Rhetoric post-election has got heated on both sides. Many iwi representatives who have got used to seeing their wishlist fulfilled are not happy at the change, and egged on by the more extreme guise of the current Māori Party are using deliberately inflammatory language.
On the other side, the more extreme types are getting wound up about stuff they didn’t care about six years ago, pushing back for example on the use of Māori language in any context, rather than just the Māorification of the names of government agencies, which to be fair has taken on something of a virtuous sanctimony within the public service.
The “Principles of the Treaty” debate may or may not be the debate we have to have, but we are having it.
Unsurprisingly, the solution to all of this is in the middle. Broadly 80 per cent of New Zealanders across all ethnicities want to just feel like we all belong. They see us as a multicultural society which is at the same time proud of our unique Māori heritage. They want to see improvements in outcomes for disadvantaged Māori, but they don’t want to feel excluded themselves on the basis of ethnicity. They believe historic breaches of the Treaty should be remedied, and they also believe one person, one vote is sacrosanct.

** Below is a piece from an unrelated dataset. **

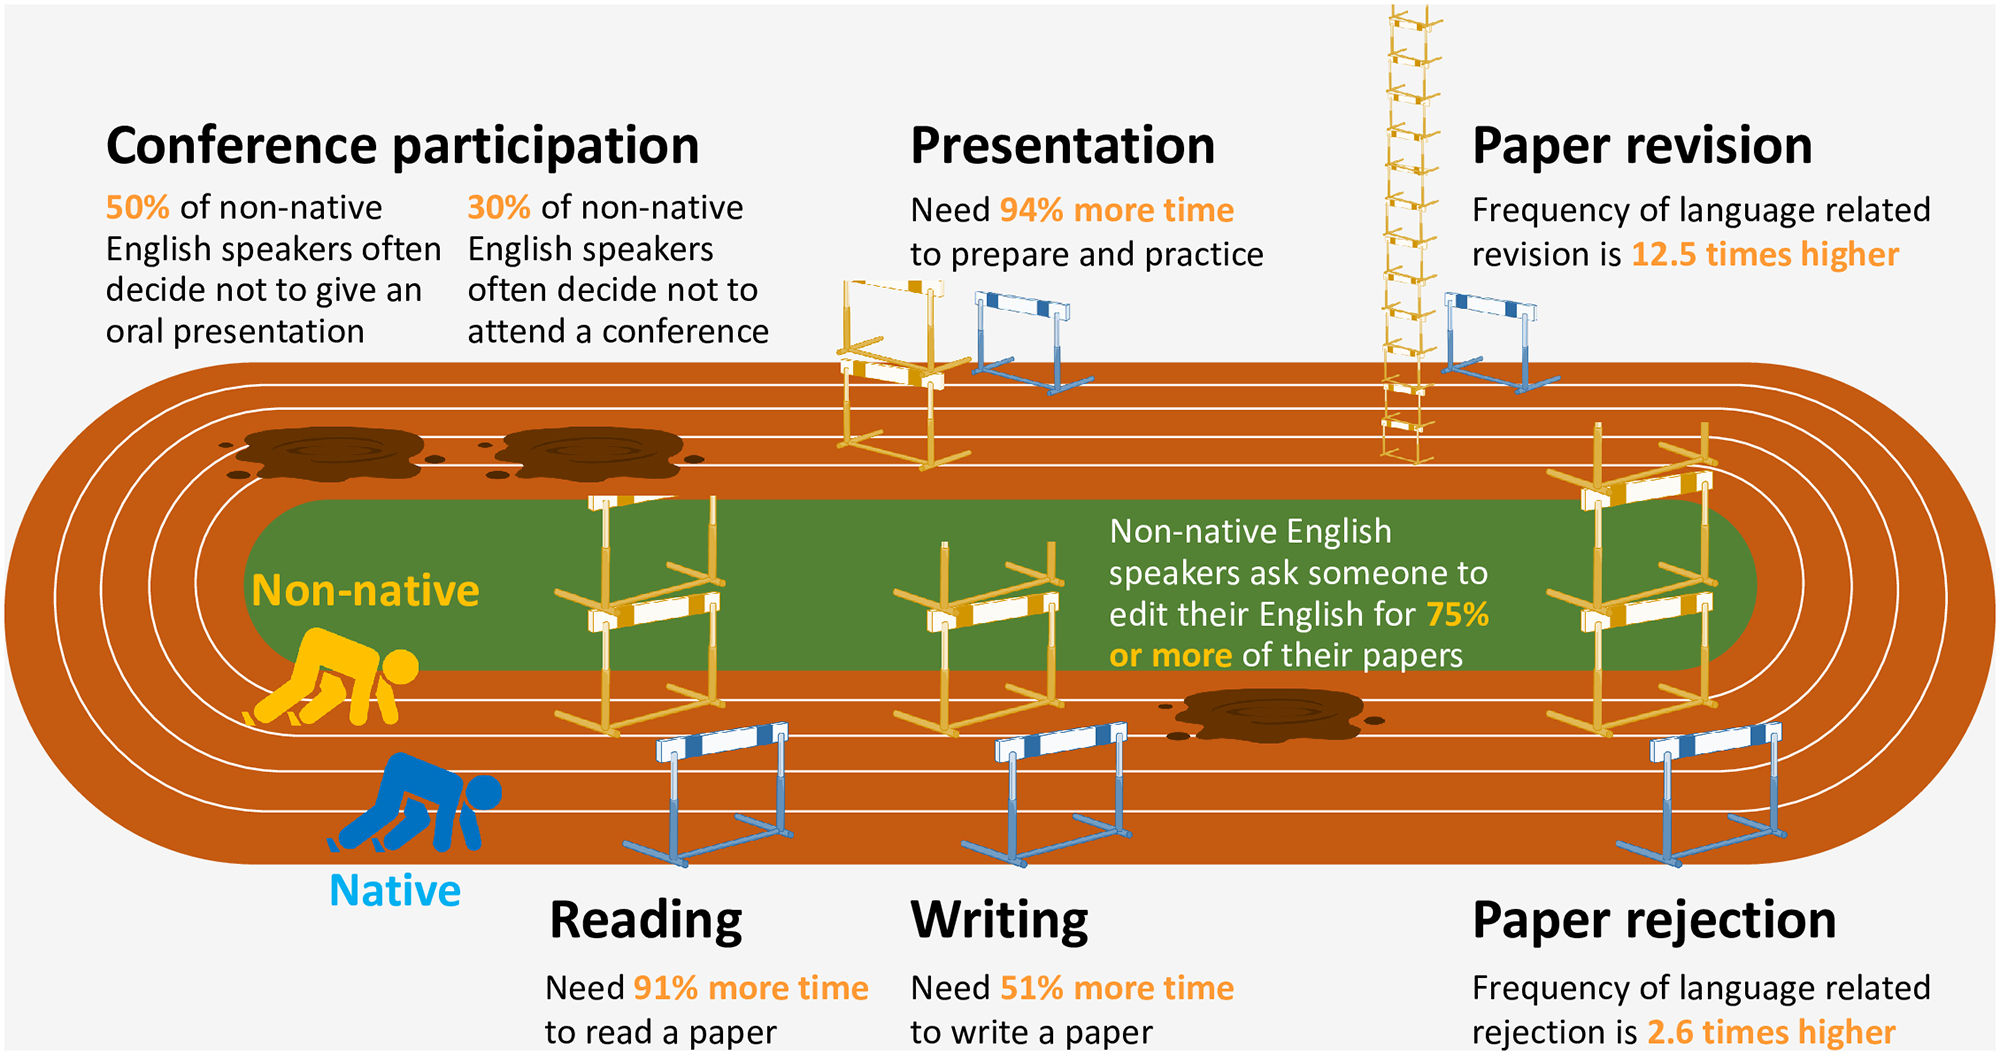 visual representation of the barriers faced by researchers using a metaphor of a track and field running event with hurdles

They are uncomfortable with public service ministries being divided on ethnic grounds but they do believe there is room for different types of service provision to different groups, including ethnic groups. These days, no one bats an eyelid at the Wānanga or Whānau Ora – both of which do great work.
The truth is that if we go back far enough, all of our ancestors moved here. It is also a truth that a treaty was signed between the British Crown and indigenous Māori. It is true we have done a better job than most countries in reconciling our indigenous culture and history with the benefits, challenges and opportunities of modern Western life, but it is also true we have much more to do.
What we need now is our new Prime Minister to pick up the challenge and chart a path that ensures the broad middle holds. As we head towards Waitangi Weekend, we should celebrate what brings us together not the relatively minor differences that drive us apart.
We are a small country. Our strength is in celebrating our diversity and our shared history, encouraging initiative and personal responsibility, and working to provide opportunities for all. In that way lies success. Political and social media-fuelled angst from either extreme about our differences only drives us apart.